* **Stored data**:
[Start of section]

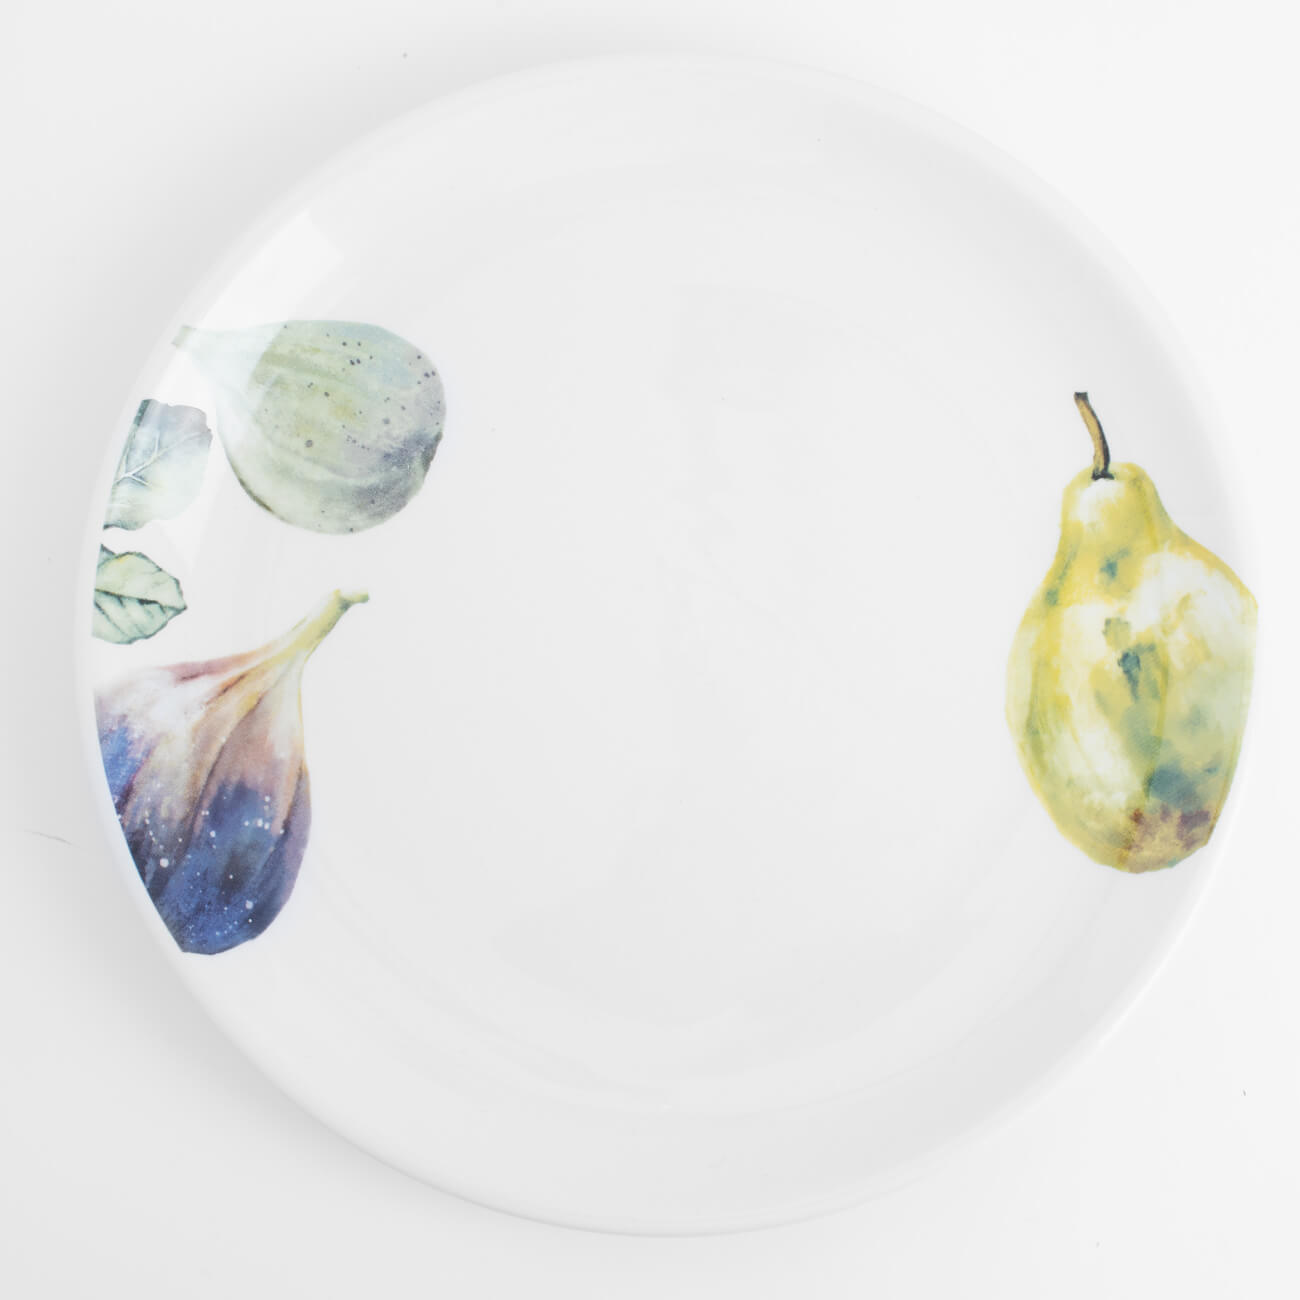 Тарелка закусочная, 21 см, керамика, белая, Инжир и груша, Fruit garden тарелка для закусок
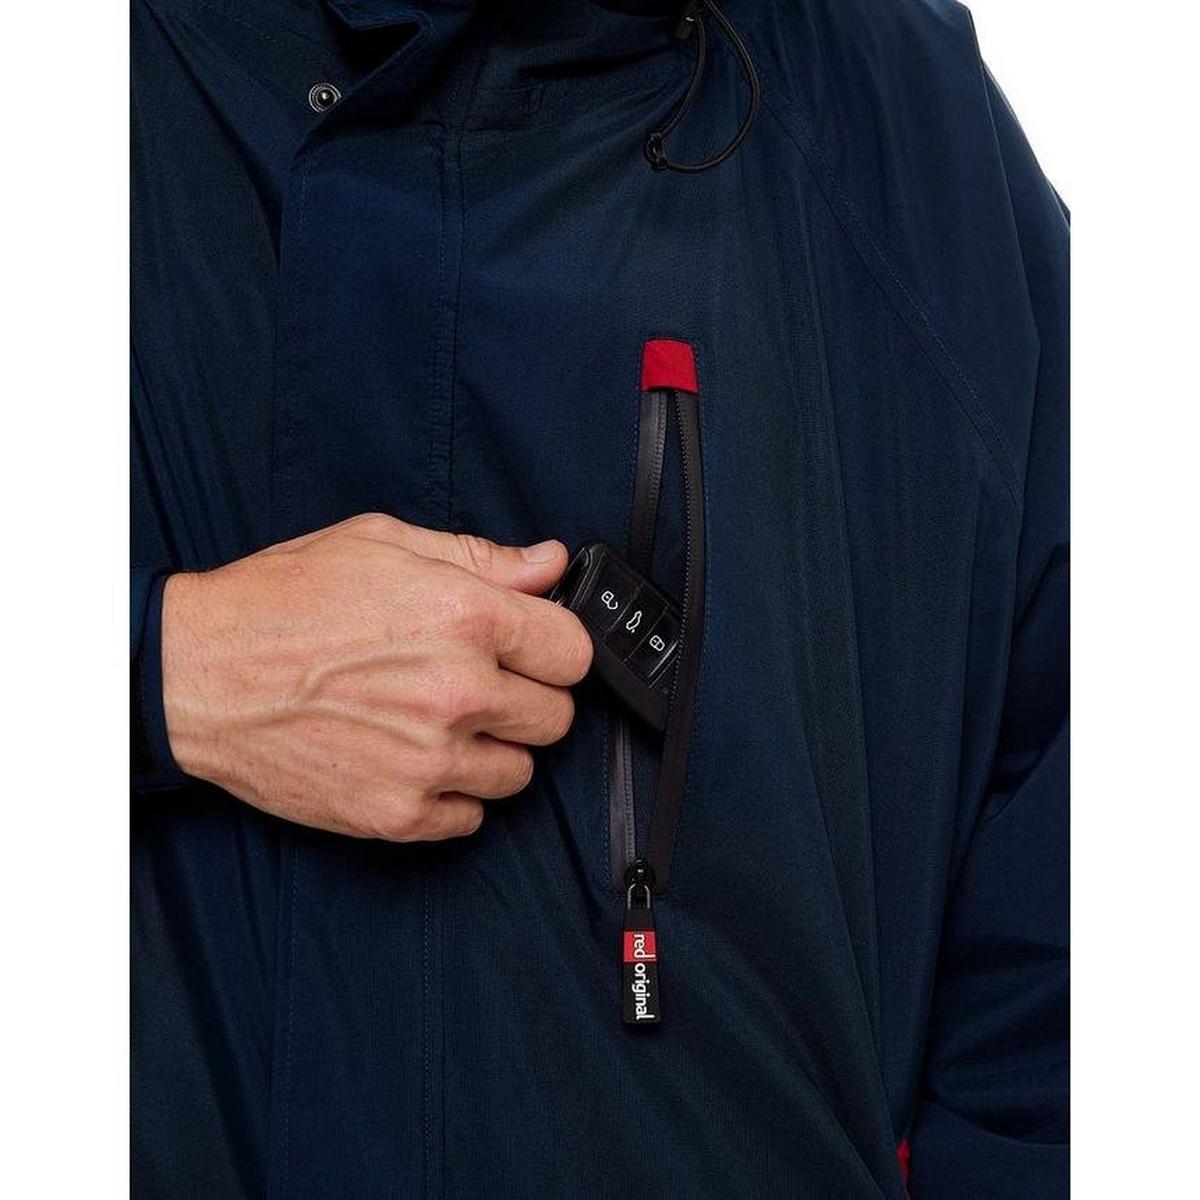 Red Paddle Pro Change Jacket 2.0 Long Sleeved - Navy
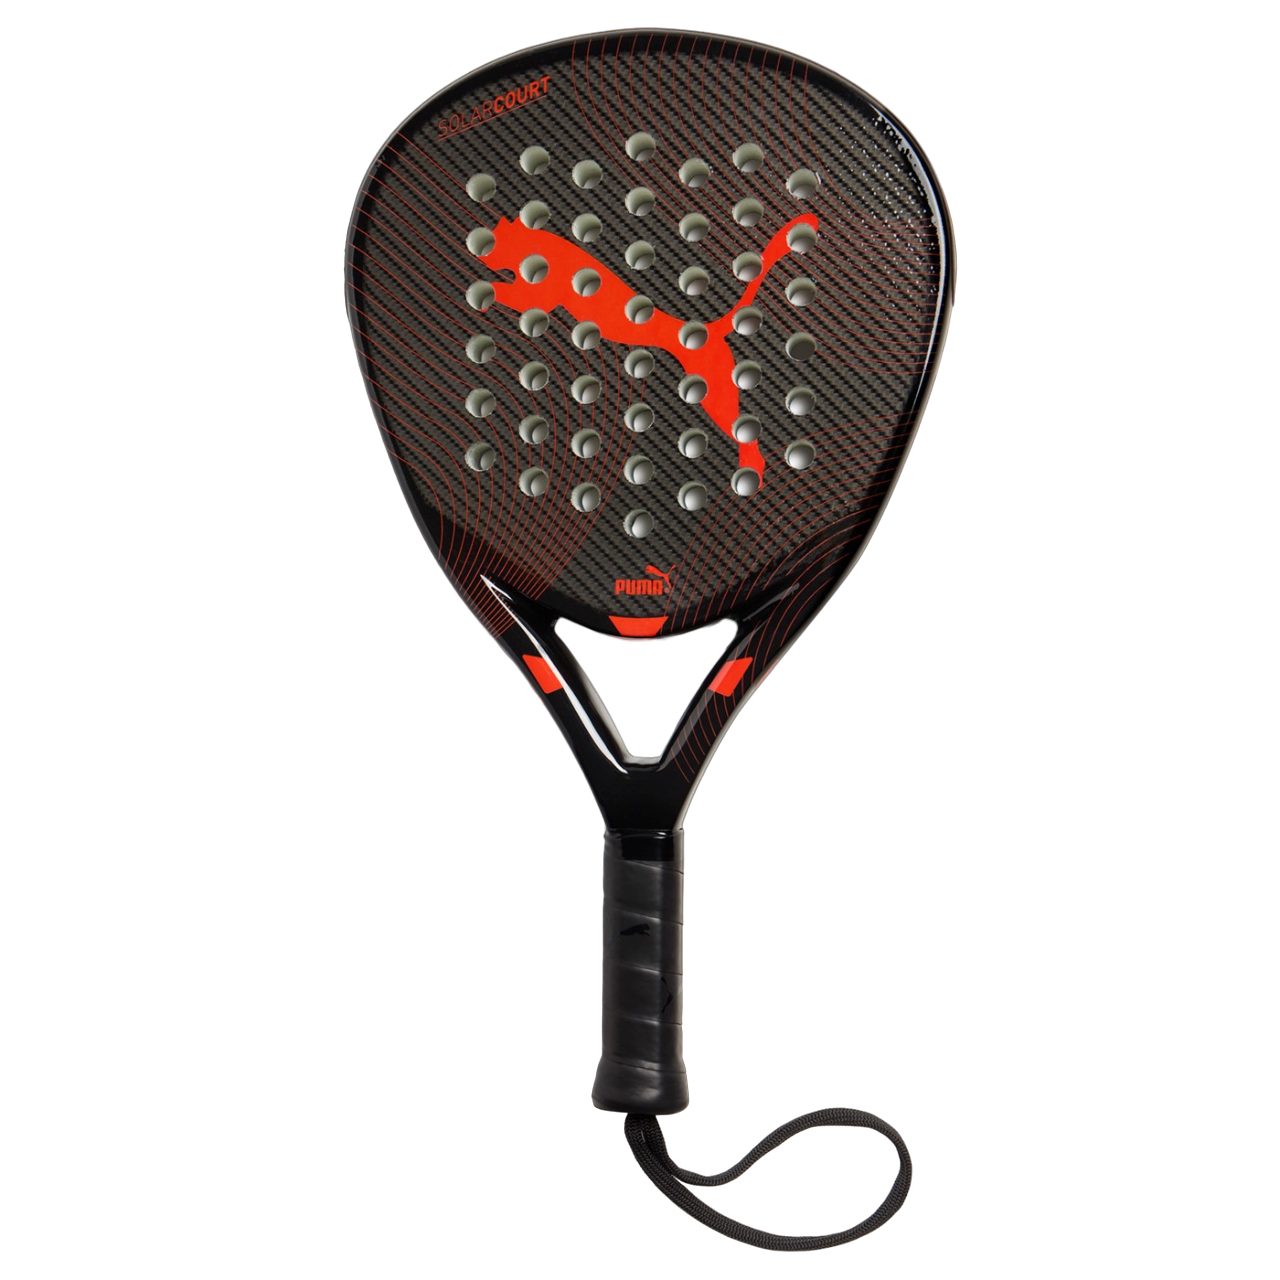 Puma SolarCOURT padel racket 049019 01 black red

[End of section]

* **Problem to work on**:
Your task is to retype exactly the lines that run from the line with "Red Paddle Pro" through the last line of the material, with the pictures left out.

* **Exercise solution**:
 Red Paddle Pro Change Jacket 2.0 Long Sleeved - Navy
 Puma SolarCOURT padel racket 049019 01 black red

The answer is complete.